Reproducibility Index

Notice: The reproducibility variables underlying each score are classified using an automated LLM-based pipeline, validated against a manually labeled dataset. LLM-based classification introduces uncertainty and potential bias; scores should be interpreted as estimates. Full accuracy metrics and methodology are described in Coakley et alK. L. Coakley, T. Snelleman, H. Hoos, and O. E. Gundersen, "The embrace of open science: An analysis of a decade of AI research and 56 800 conference papers," Under Review, 2026..

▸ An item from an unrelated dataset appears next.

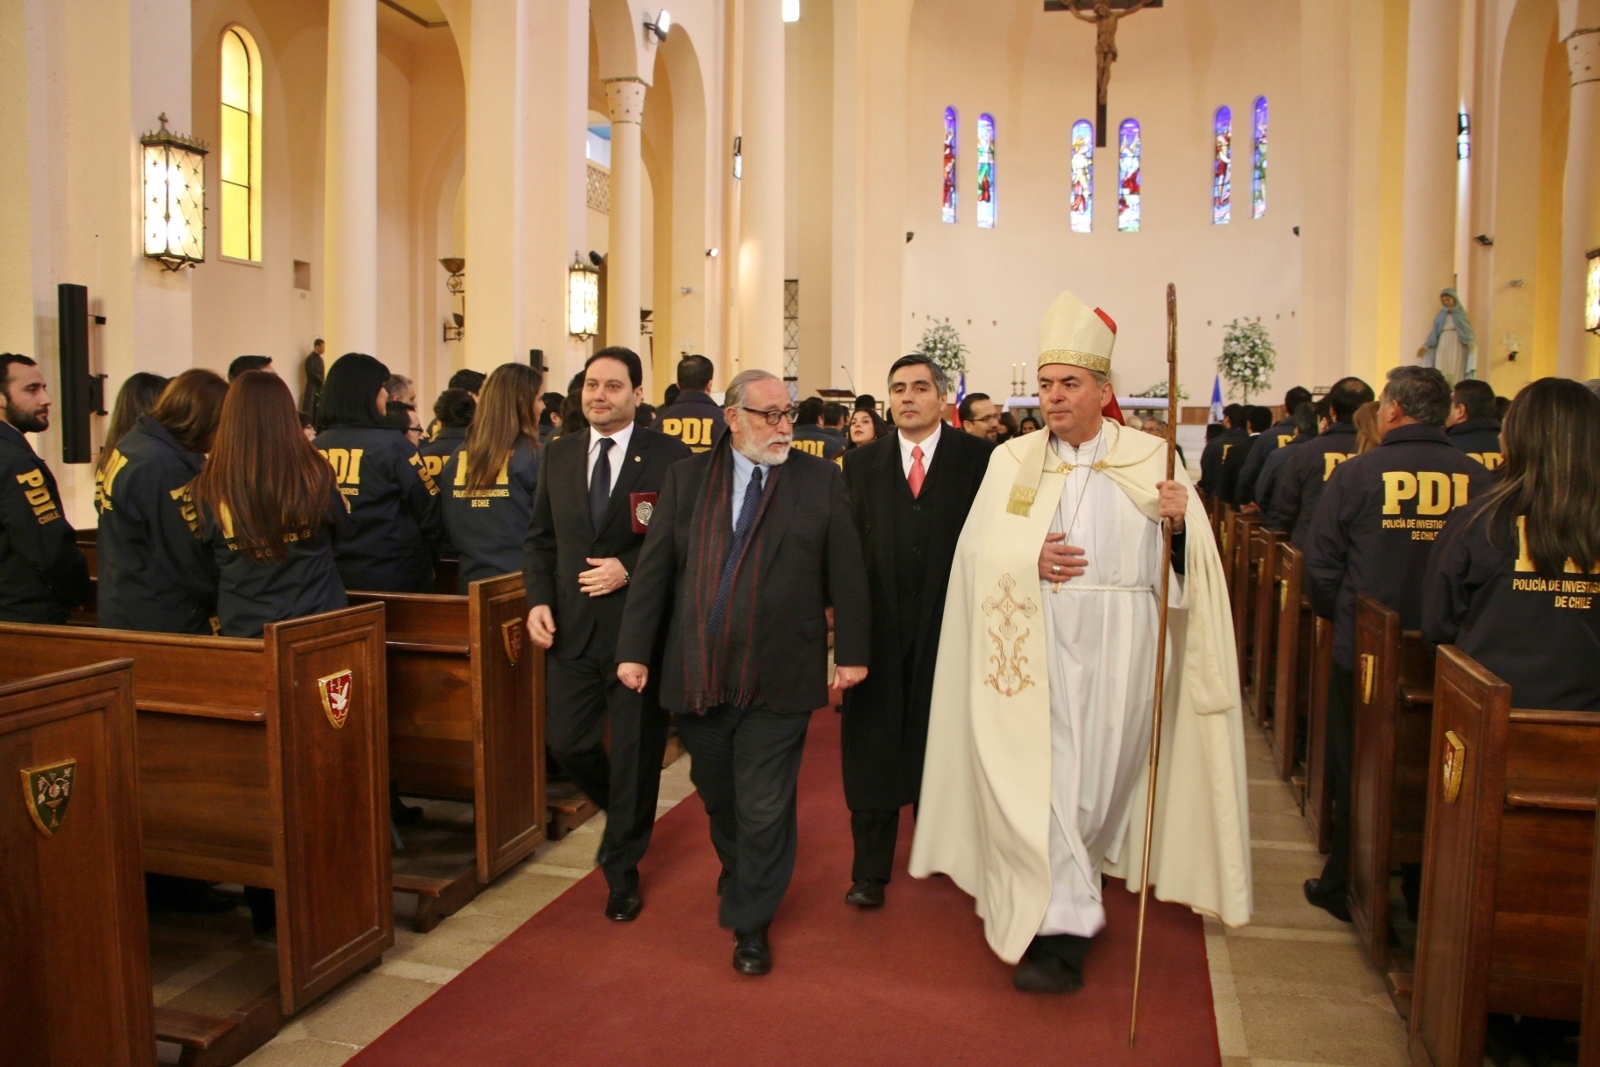 Acto ecuménico en conmemoración del 83° aniversario de la PDI se desarrolla en Talca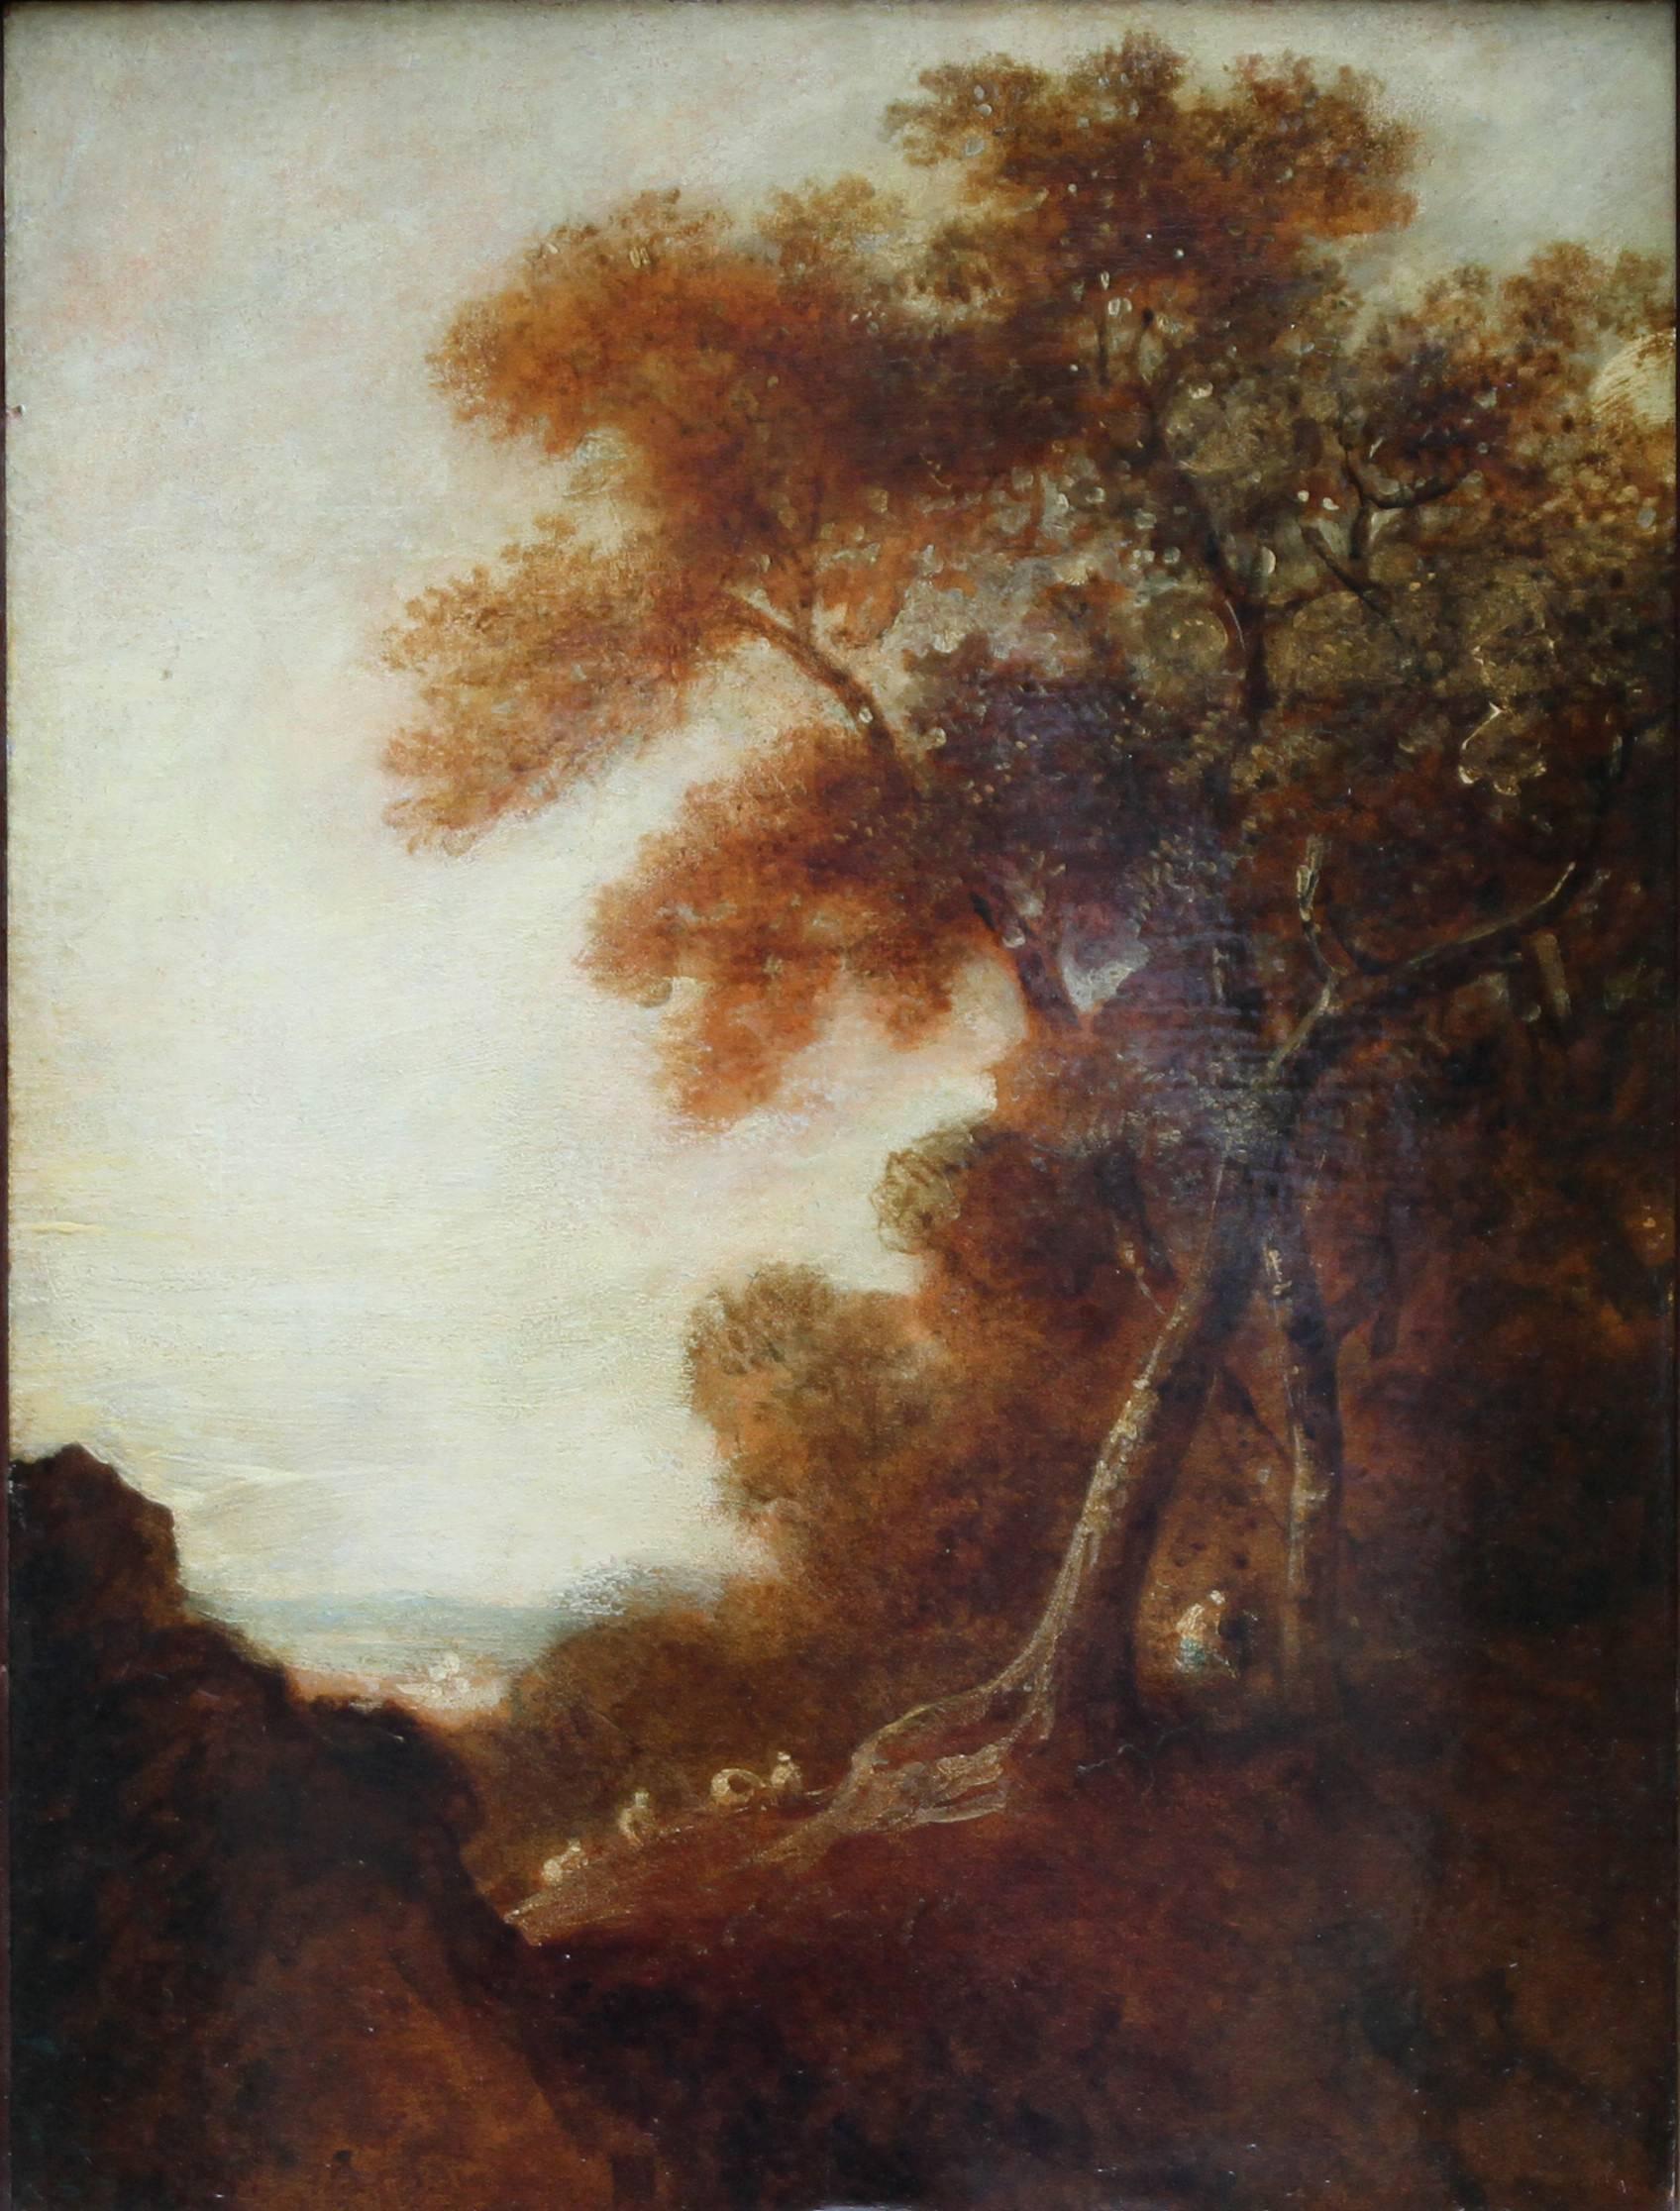 Holz-Landschaft – britische Kunst des 18. Jahrhunderts, Ölgemälde mit Bäumen und Figuren – Painting von Thomas Gainsborough (circle)

On scalable and efficient training of diffusion samplers

Authors: Minkyu Kim, Kiyoung Seong, Dongyeop Woo, Sungsoo Ahn, Minsu Kim

NeurIPS 2025 | Venue PDF | LLM Run Details

Reproducibility Variable	Result	LLM Response
Research Type	Experimental	We show that SGDS, despite its simplicity, produces substantial gains over baseline diffusion samplers across benchmarks: classical Gaussian mixtures and the Manywell task; particle simulation problems like LJ-13 and LJ-55; and real-world molecules, Alanine Di-, Tri-, and Tetra-peptide. Our method significantly improves sample efficiency and scalability, marking a practical path towards highdimensional diffusion-based inference.
Researcher Affiliation	Academia	1Korea Advanced Institute of Science and Technology (KAIST) 2Mila Quebec AI Institute
Pseudocode	Yes	Algorithm 1 Training search-guided diffusion samplers (SGDS)
Open Source Code	Yes	Source code: https://github.com/minkyu1022/SGDS
Open Datasets	Yes	The reference samples can be downloaded from https://zenodo.org/records/15436773.
Dataset Splits	No	The paper describes methods for generating samples (e.g., MCMC chains, burn-in steps) and training on those generated samples, but it does not specify traditional train/validation/test splits of a pre-existing dataset.
Hardware Specification	No	The paper mentions memory limitations for PIS that require halving batch sizes due to the forward SDE computational graph, implying GPU memory constraints. However, it does not specify any particular GPU models, CPU models, or other hardware components used for running experiments.
Software Dependencies	No	The paper mentions "Torch ANI [16], a Py Torch implementation of ANI deep learning potentials", indicating the use of PyTorch and Torch ANI. However, specific version numbers for these software dependencies are not provided.
Experiment Setup	Yes	In all the experiments, we use four different random seeds and average the results of each run. We provide details of experimental settings in Appendix A.4, Table 4, and Table 5, and additional results in Appendix B. All methods adopt the PIS architecture [47, 39], with a joint network consisting of a two-layer MLP with 256 hidden dimensions. We run 25K epochs in both the first round and the second round. We train PIS at a learning rate of 1e-4, TB at a learning rate of 2e-4, and SGDS at a learning rate of 5e-4. We use 4 and 32 batch sizes for all methods except PIS in LJ-13 and LJ-55, respectively.